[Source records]
----------
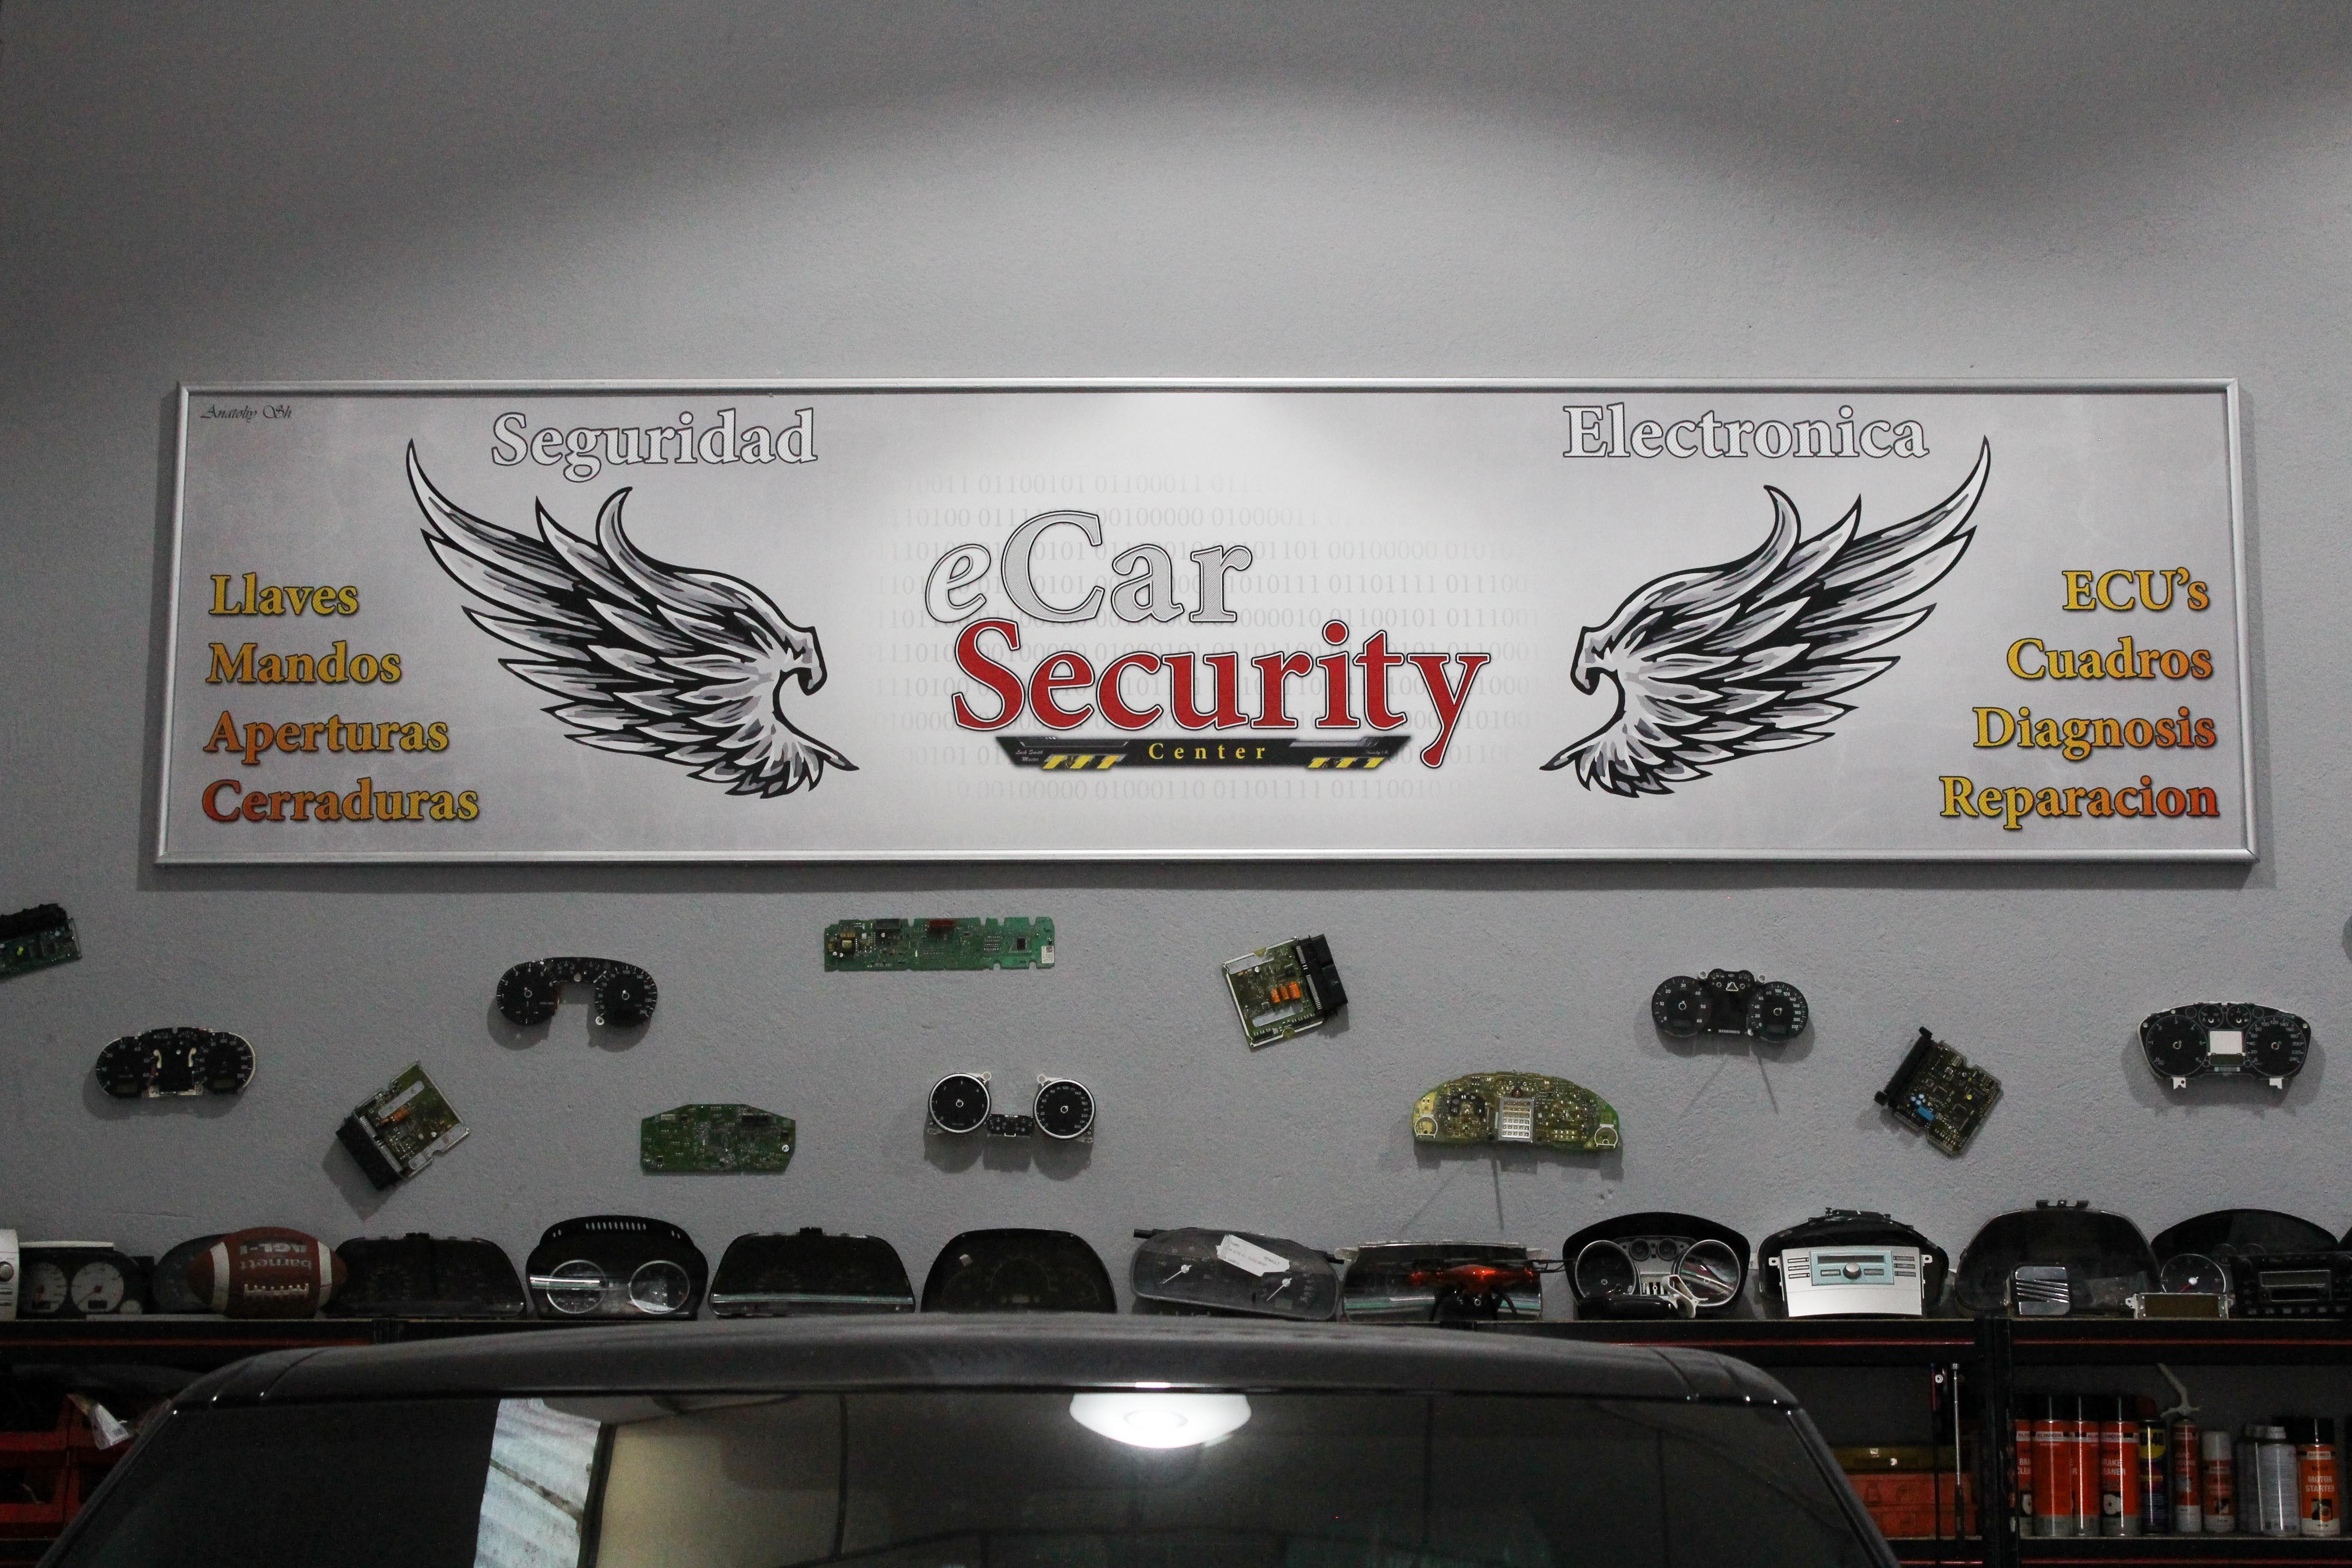 Foto 12 de Cerrajería del automóvil en Alcorcón | eCarSecurity
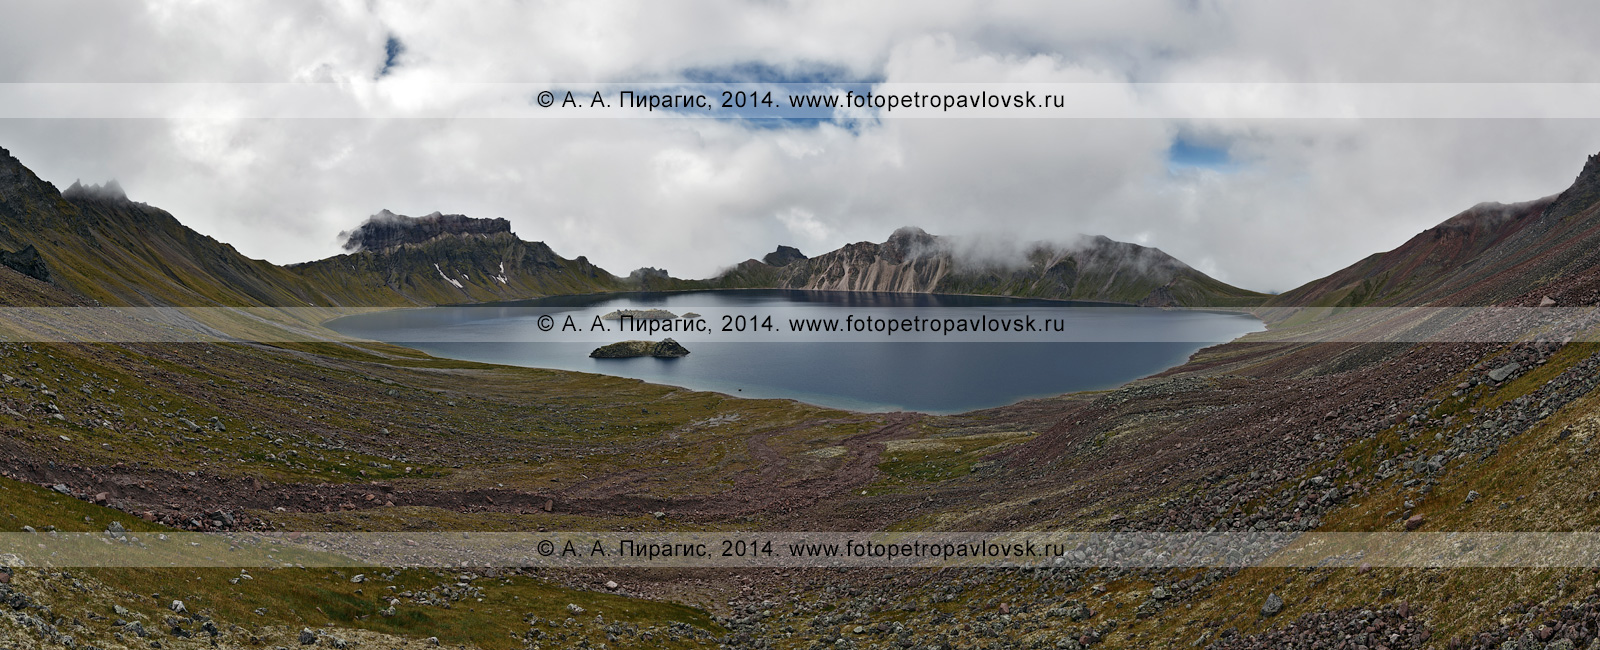 Фотография: озеро Хангар (озеро Кожгумк) в кратере действующего вулкана Хангар (Khangar Volcano). Полуостров Камчатка, Срединный хребет, Срединный вулканический пояс
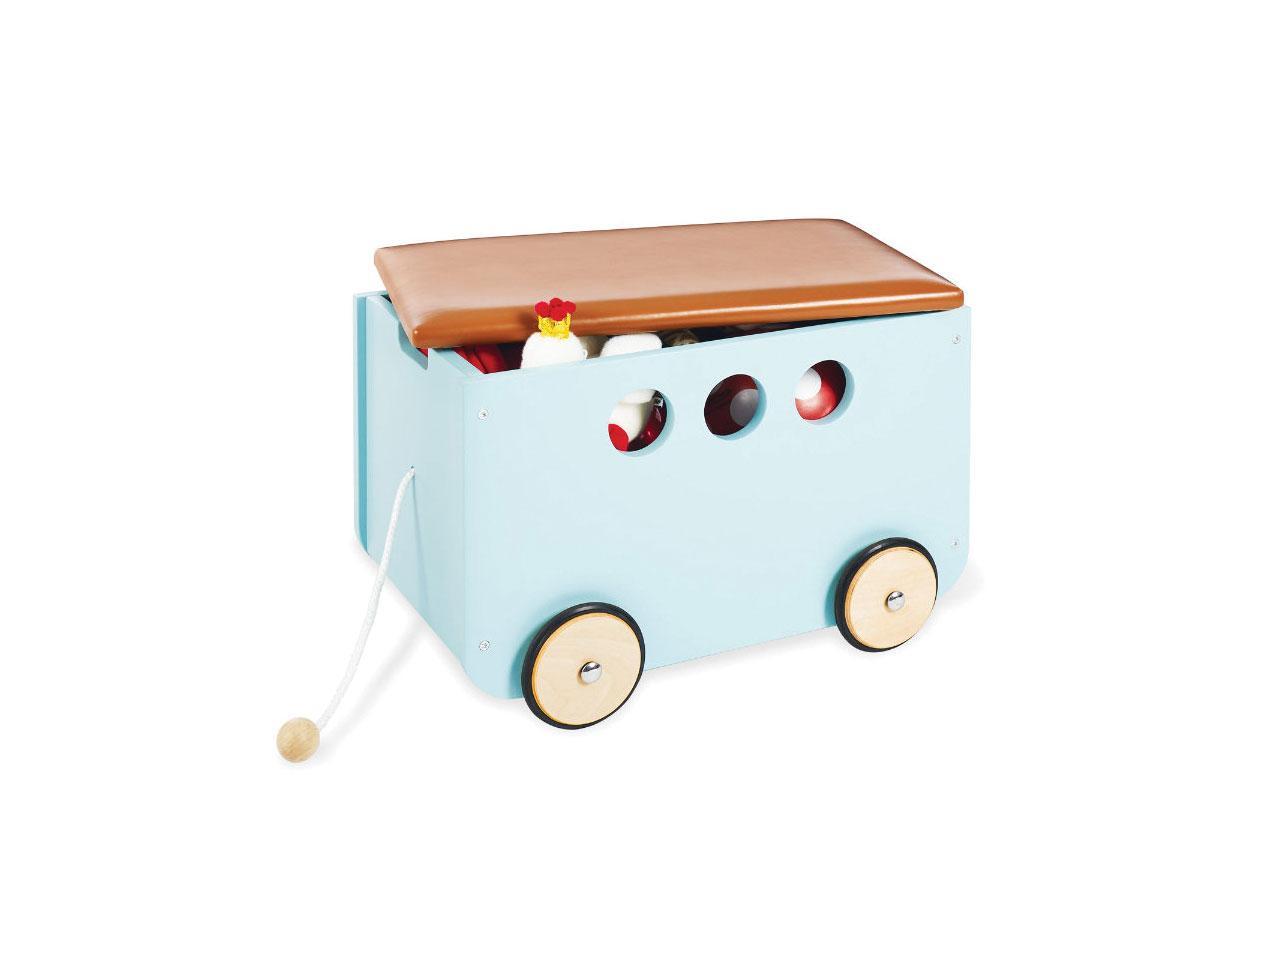 Chodítko PINOLINO Jim krabice na hračky na kolečkách, mentolová
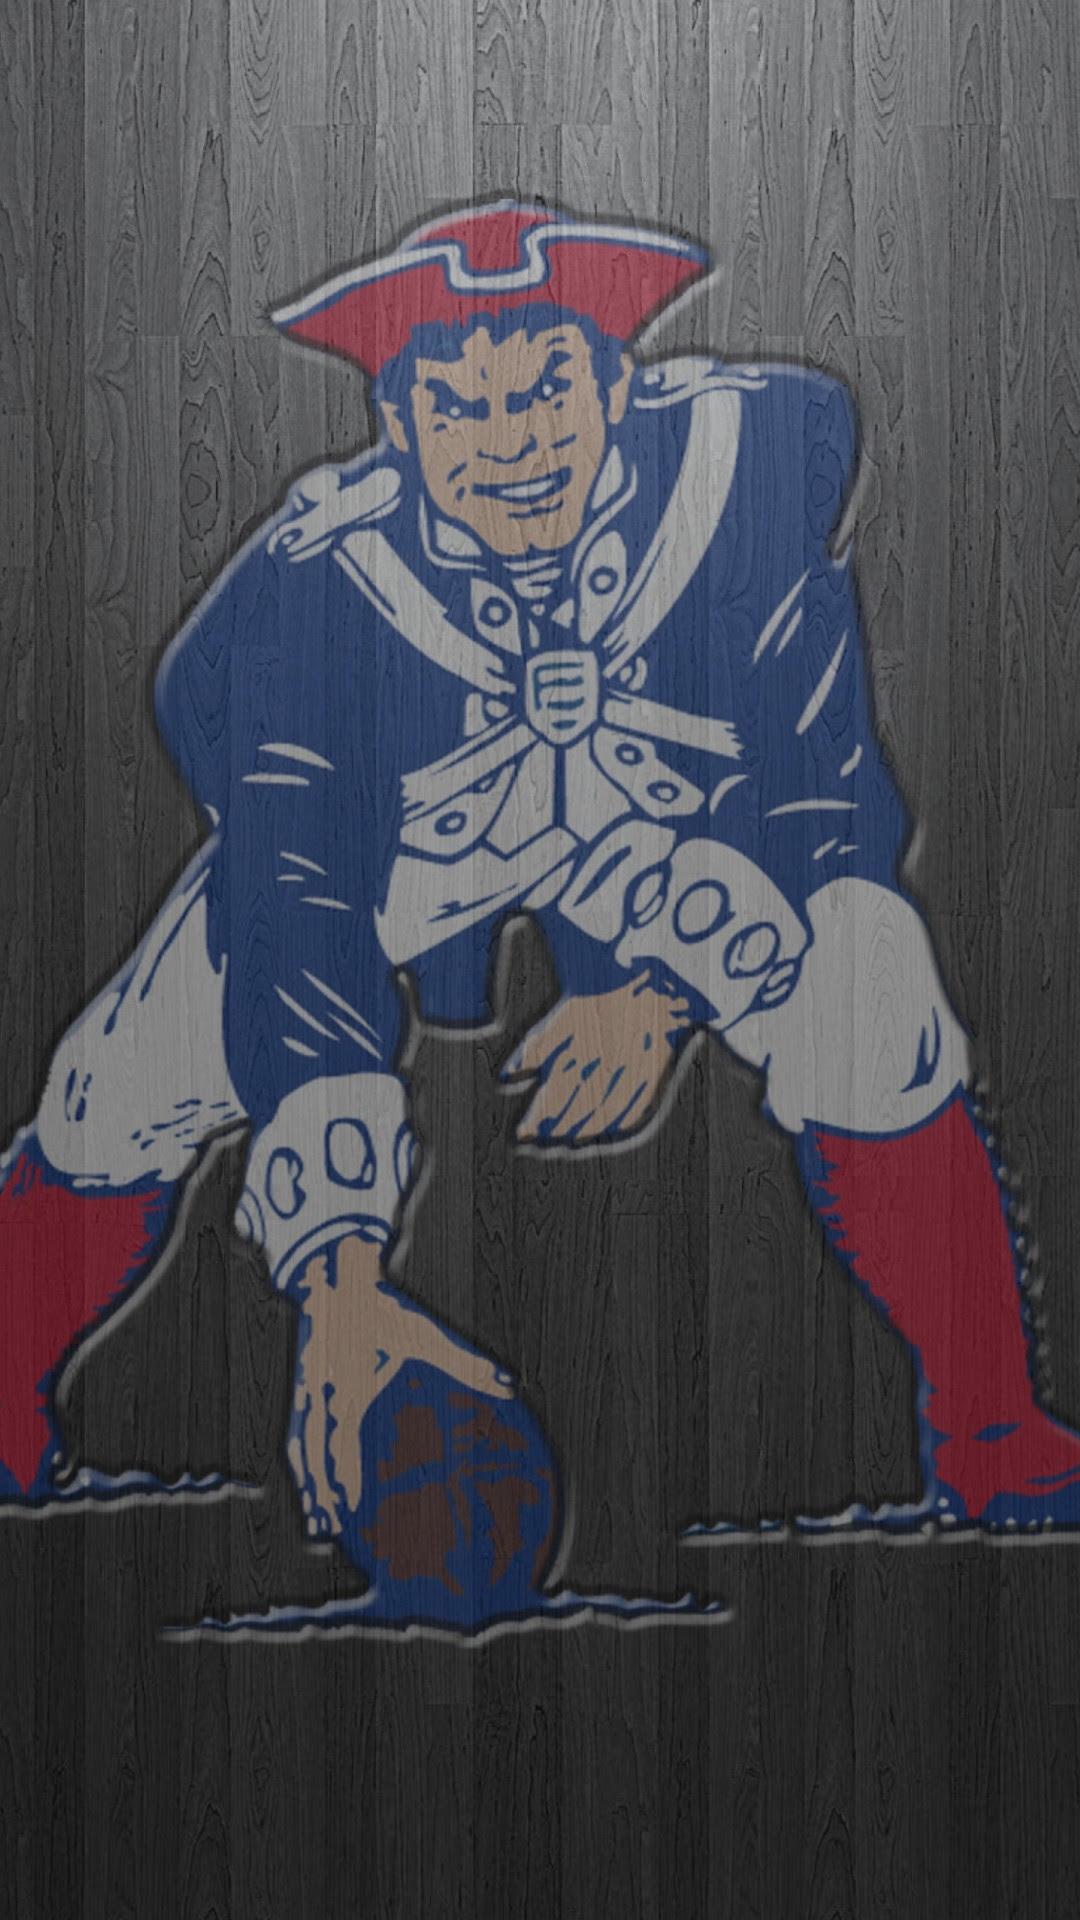 New England Patriots Wallpaper HD (74+ images)
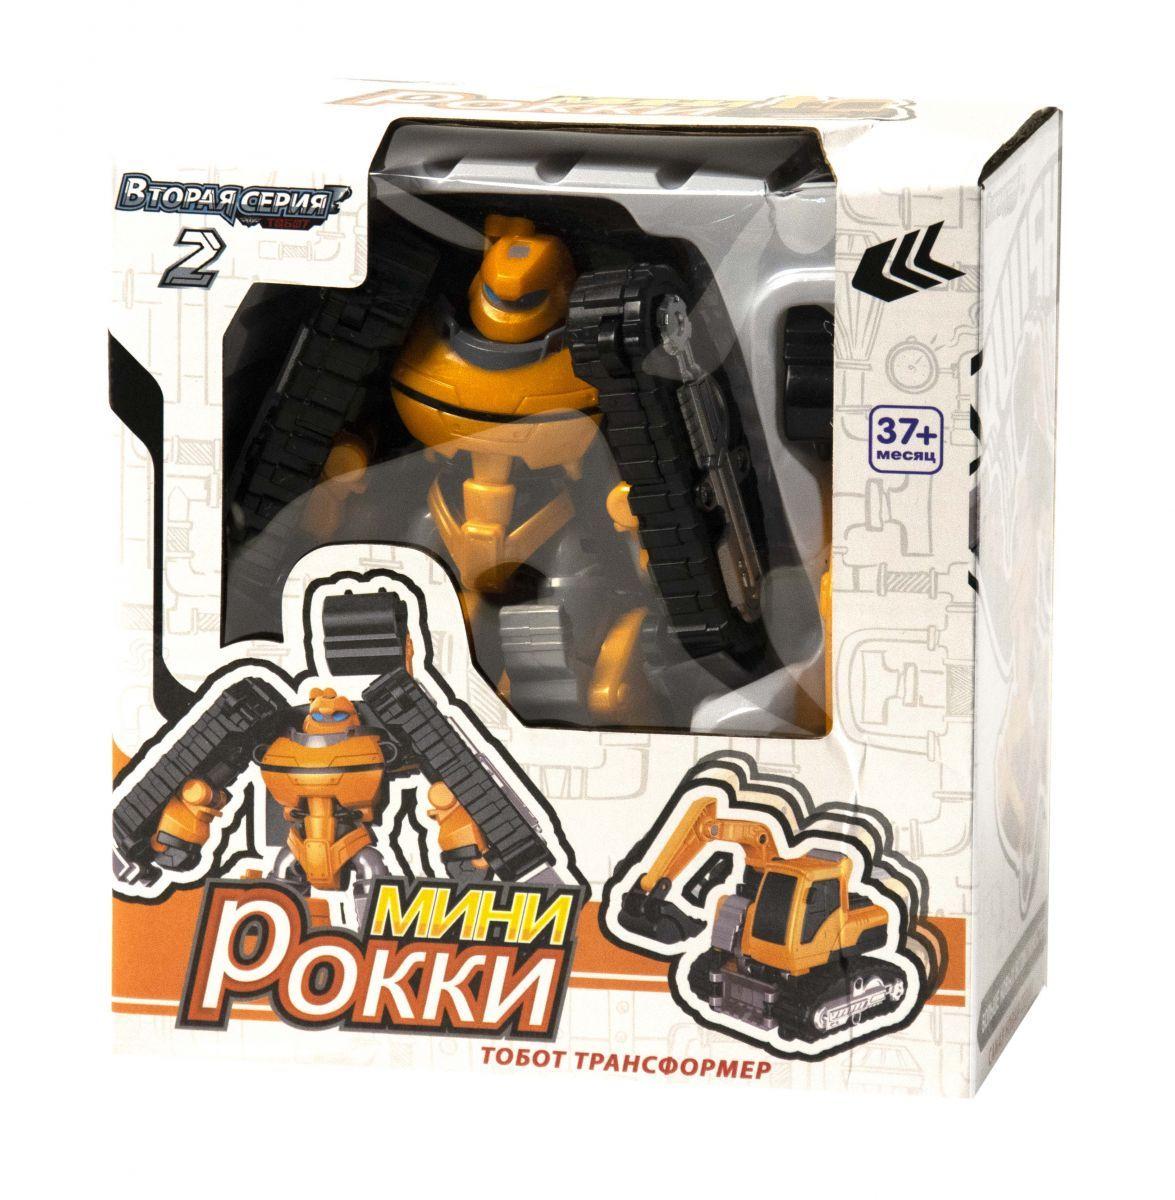 Трансформер Тобот мини Рокки Tobot mini Rocky
----------
Task item: Using the data above, print every line exactly, omitting pictures.

Written solution:
 Foto 12 de Cerrajería del automóvil en Alcorcón | eCarSecurity
 Фотография: озеро Хангар (озеро Кожгумк) в кратере действующего вулкана Хангар (Khangar Volcano). Полуостров Камчатка, Срединный хребет, Срединный вулканический пояс
 Chodítko PINOLINO Jim krabice na hračky na kolečkách, mentolová
 New England Patriots Wallpaper HD (74+ images)
 Трансформер Тобот мини Рокки Tobot mini Rocky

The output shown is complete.